Consider the circuit in Figure \(\PageIndex{19}\).

- Trace the inputs though this circuit and determine the Boolean function that it realizes.
- Construct a table of outputs for each of the eight inputs to this circuit.
- Find the minterm normal form of \(f\text{.}\)
- Draw the circuit based on the minterm normal form.
- Simplify the circuit algebraically and draw the resulting circuit.
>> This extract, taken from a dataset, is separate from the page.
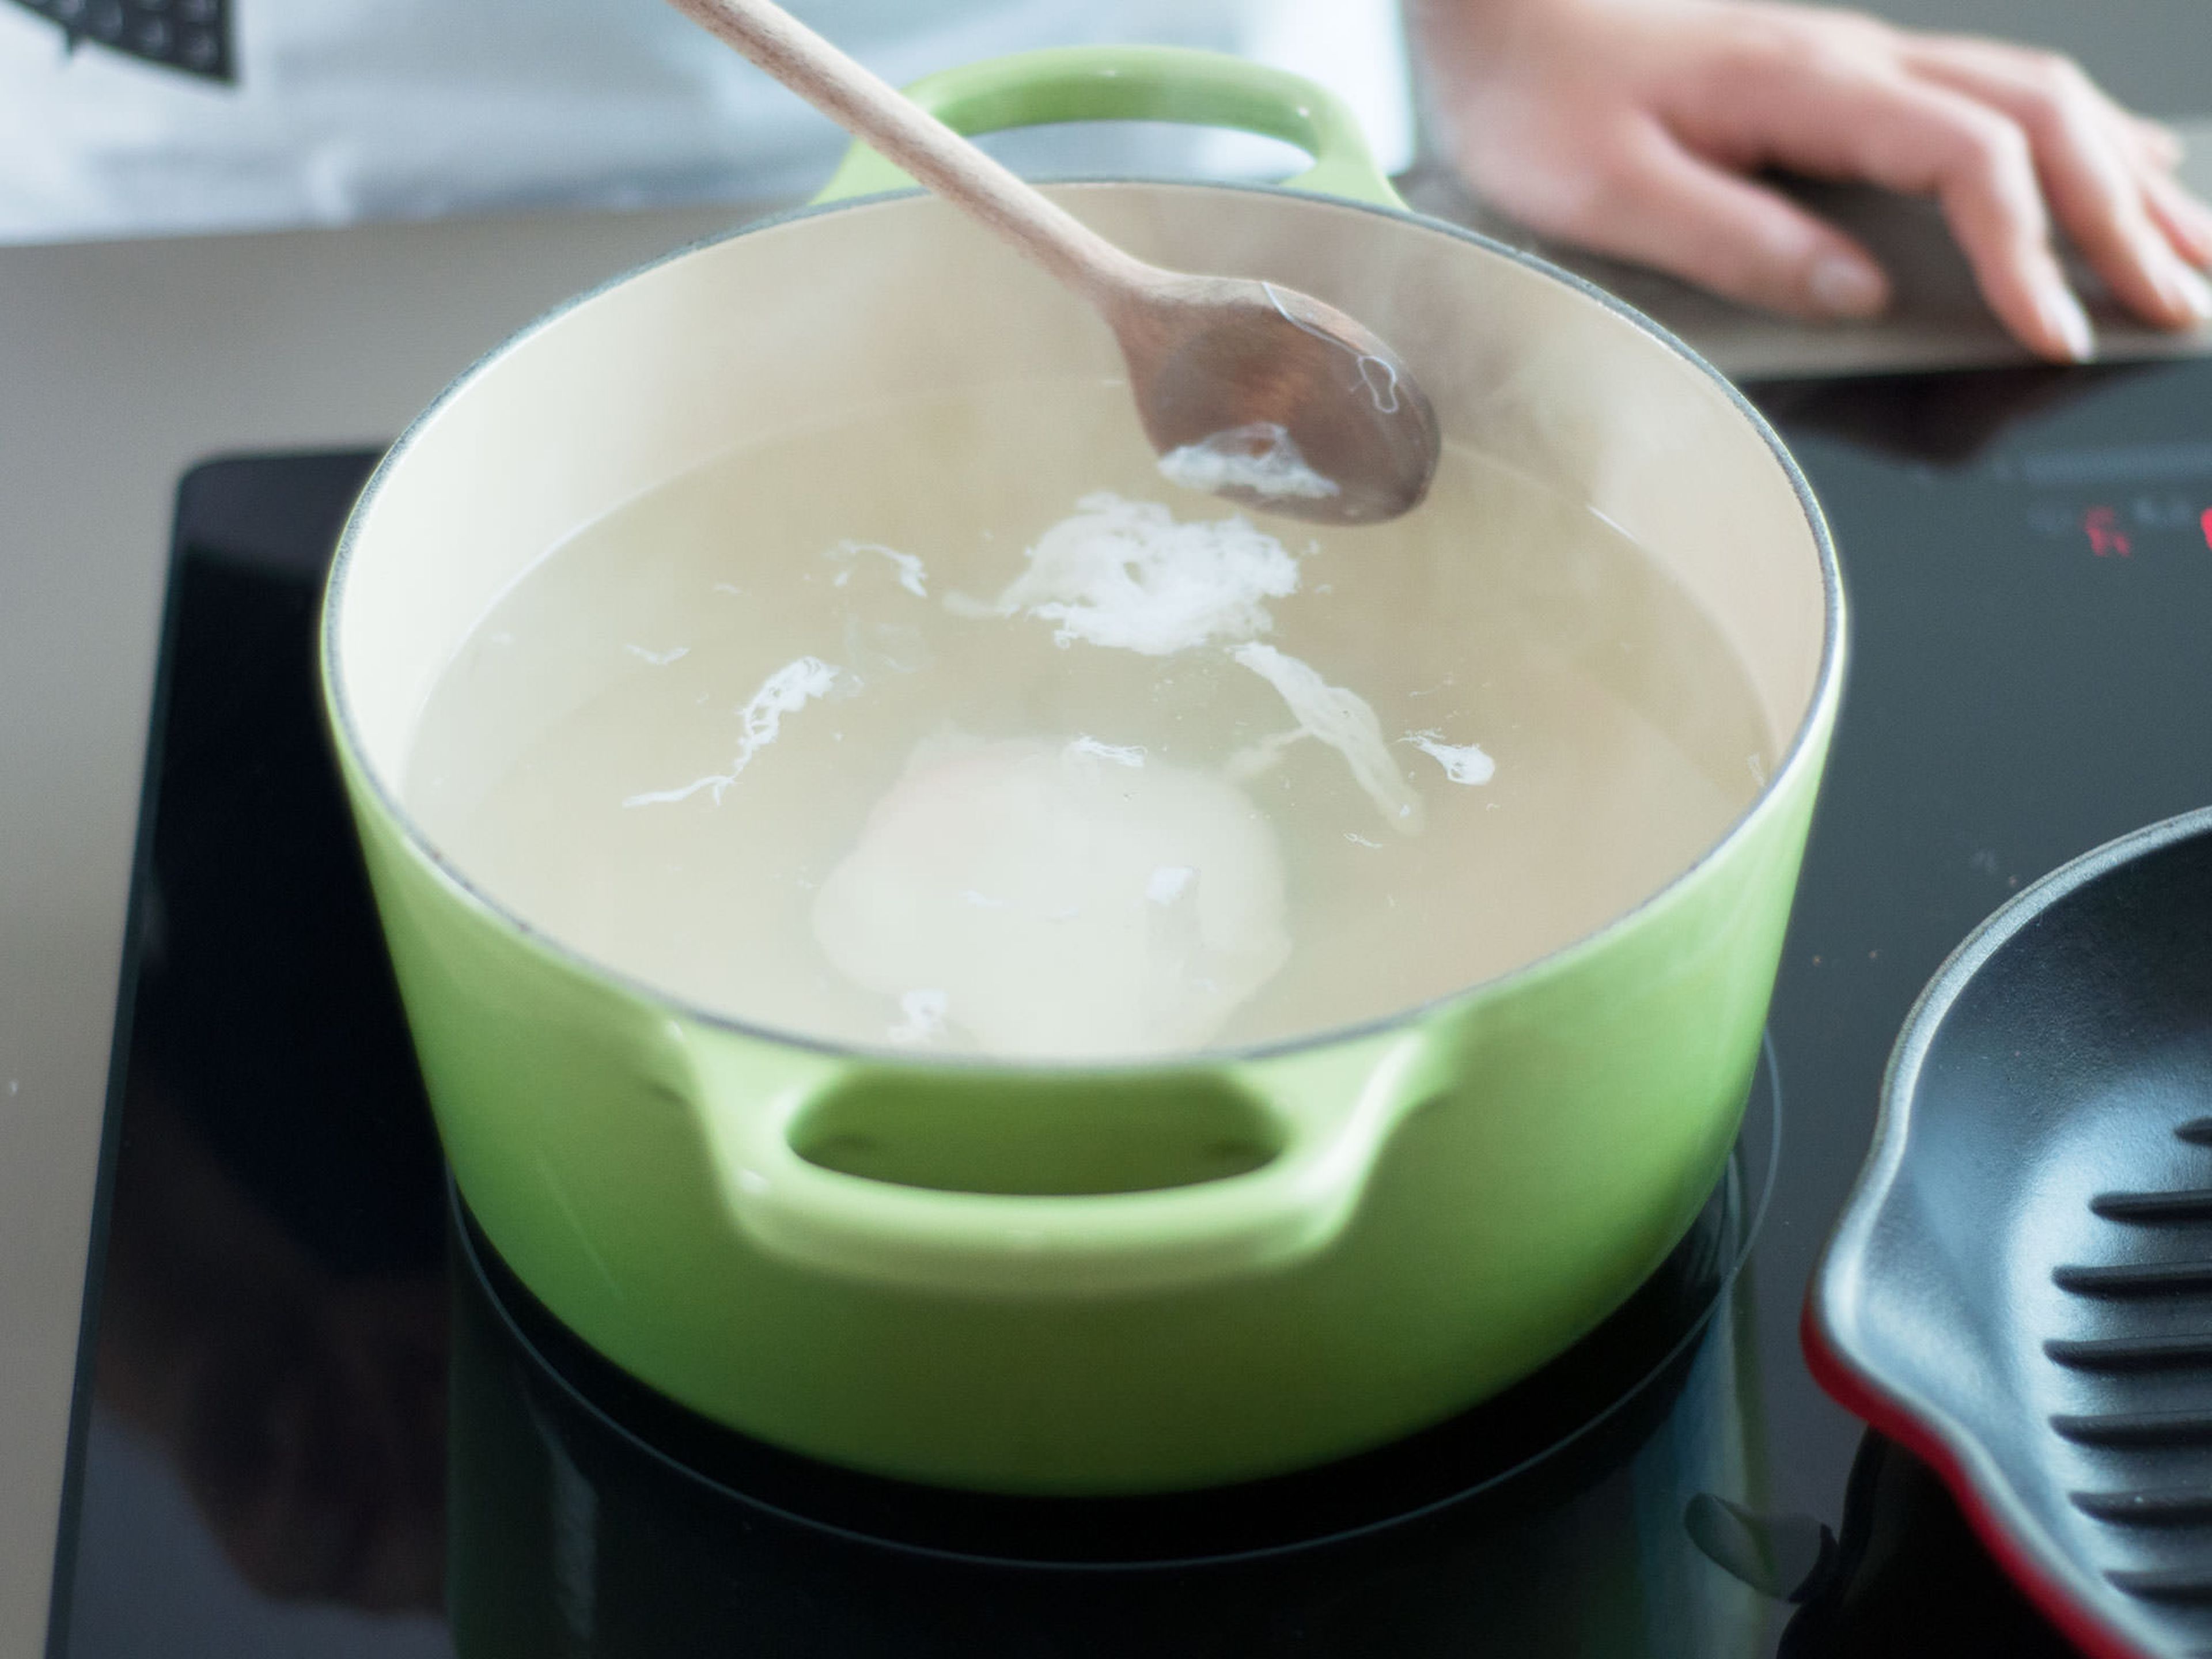 In a medium saucepan, bring salted water to a boil. Then reduce heat and add white vinegar. Crack eggs into separate cups. Stir water continuously with a cooking spoon to form a whirlpool. Then carefully pour eggs, one by one, into water. Cook eggs for 3 – 4 min, then use a slotted spoon to gently remove from water.

Exercise \(\PageIndex{6}\)

Consider the Boolean function \(f\left(x_1, x_2, x_3, x_4\right)=x_1 + \left(x_2 \cdot \left(\overline{x_1} + x_4\right) + x_3 \cdot \left(\overline{x_2} + \overline{x_4}\right)\right).\)

- Simplify \(f\) algebraically.
- Draw the gate diagram based on the simplified version of \(f\text{.}\)

Exercise \(\PageIndex{7}\)

Draw a logic circuit using only AND, OR and NOT gates that realizes an XOR gate.

Exercise \(\PageIndex{8}\)

Draw a logic circuit using only AND, OR and NOT gates that realizes the Boolean function on three variables that returns 1 if the majority of inputs are 1 and 0 otherwise.